Statistical analysis

Data weighting was done to adjust the representativeness of the different regions in the survey and to obtain reliable statistical estimates. Descriptive statistics of independent and dependent variables were presented as frequency distributions and percentages. In addition, a multi-collinearity check was carried out using collinearity diagnostics with the variance inflation factor. The datasets were appended using the extracted data from 2005, 2011, and 2016, after maintaining similar variables across the surveys, to do trend analysis for neonatal mortality. The statistical analysis was done using the svyset (analysis plan) command to adjust the analysis for multi-stage sampling. Sampling weight variable, primary sampling unit, and strata were used to create the svyset command. STATA software version 17 was used to analyze the data.

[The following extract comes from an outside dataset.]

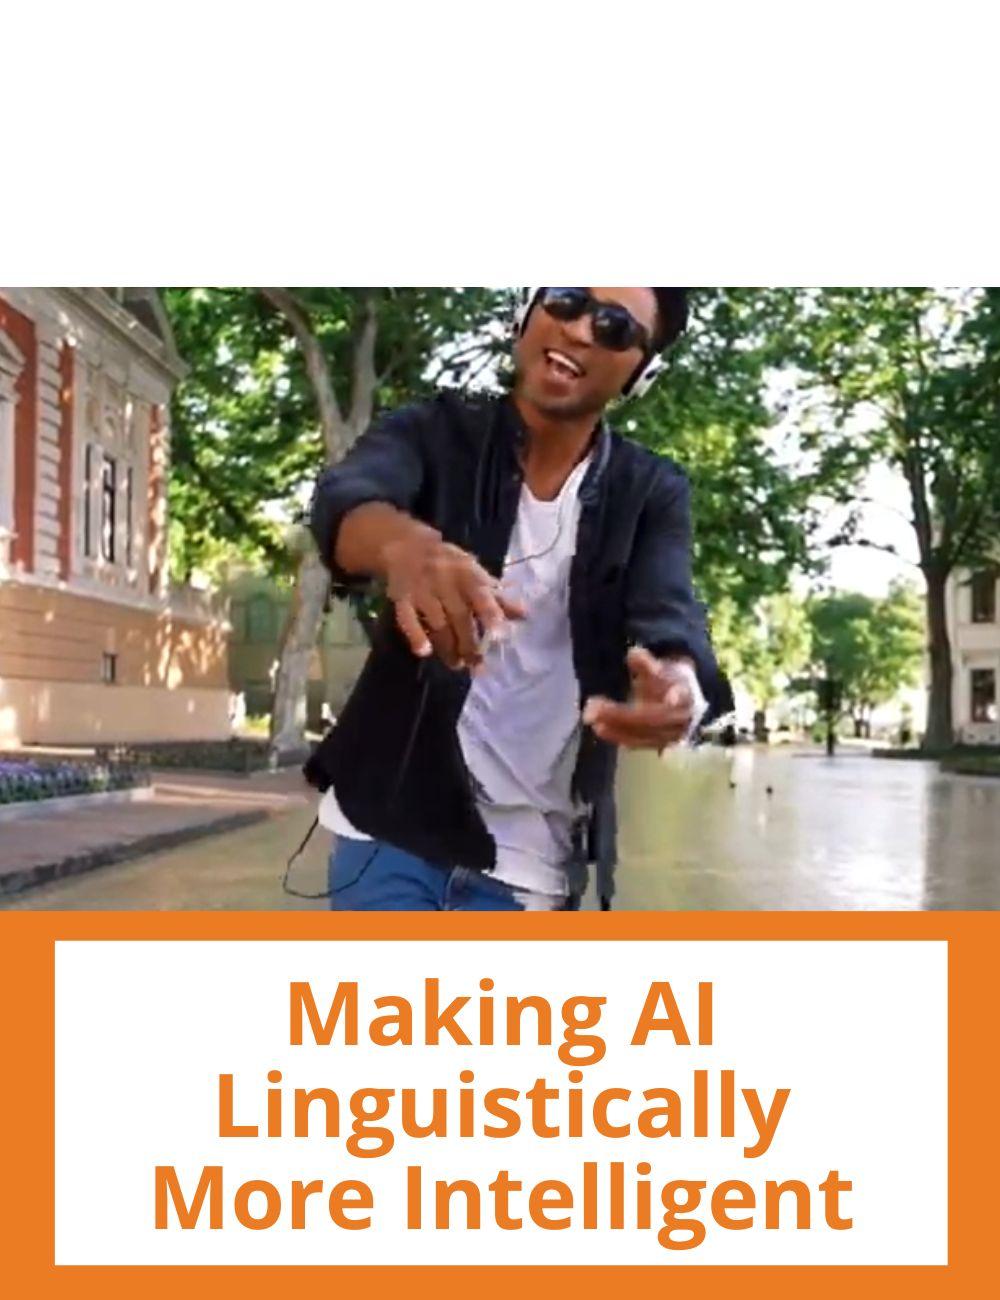 Immagine con podcast e video ad articoli su temi simili. L'immagine di un ragazzo che gesticola rimanda al video intitolato: Making AI Linguistically More Intelligent
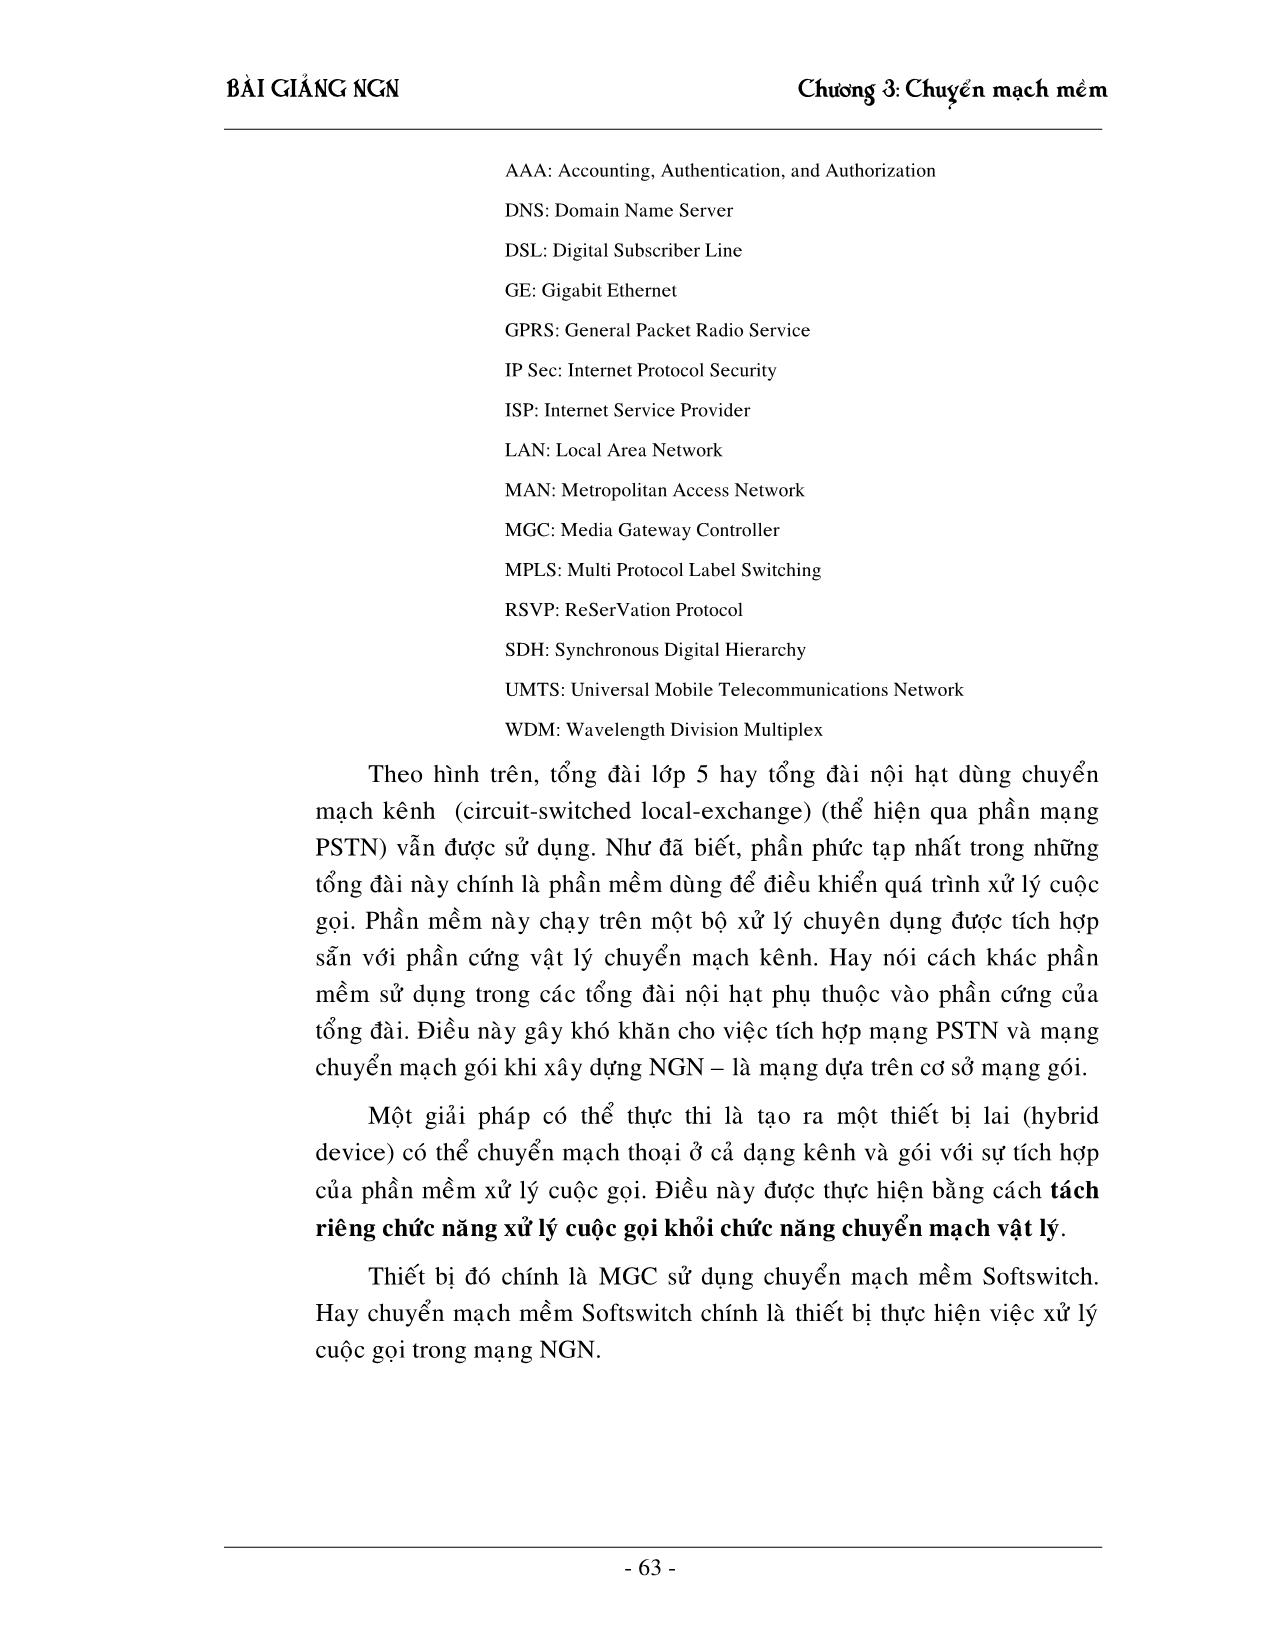 Giáo trình NGN - Chương 3: Chuyển mạch mềm Softswitching trang 5

A multivariate decomposition analysis for the nonlinear response variable (MVDCMP) based on the logit link function was employed to identify the relative contribution of each independent variable to the change in neonatal mortality over the last 15 years. The analysis model is defined as a logistic regression model for neonatal mortality where the estimated logit of mortality for neonate i in year j:

$$\mathrm{Y}=\mathrm{F}\left(\mathrm{X}\mathrm{\beta }\right)=\mathrm{l}\mathrm{o}\mathrm{g}\mathrm{i}\mathrm{t}\left(\mathrm{Y}\_\mathrm{i}\mathrm{j}\right)=\mathrm{X}\_\mathrm{i}\mathrm{j}\mathrm{\beta }\_\mathrm{j}$$

where logit refers to logistic function; β is the regression coefficient on the logit scale of each selected independent variable X [27]. Using this model, the proportion difference in Y between survey in year j = 2005 and survey in year j = 2016 of successive EDHS surveys for the neonatal mortality can be shown to be decomposed as (Fig 1).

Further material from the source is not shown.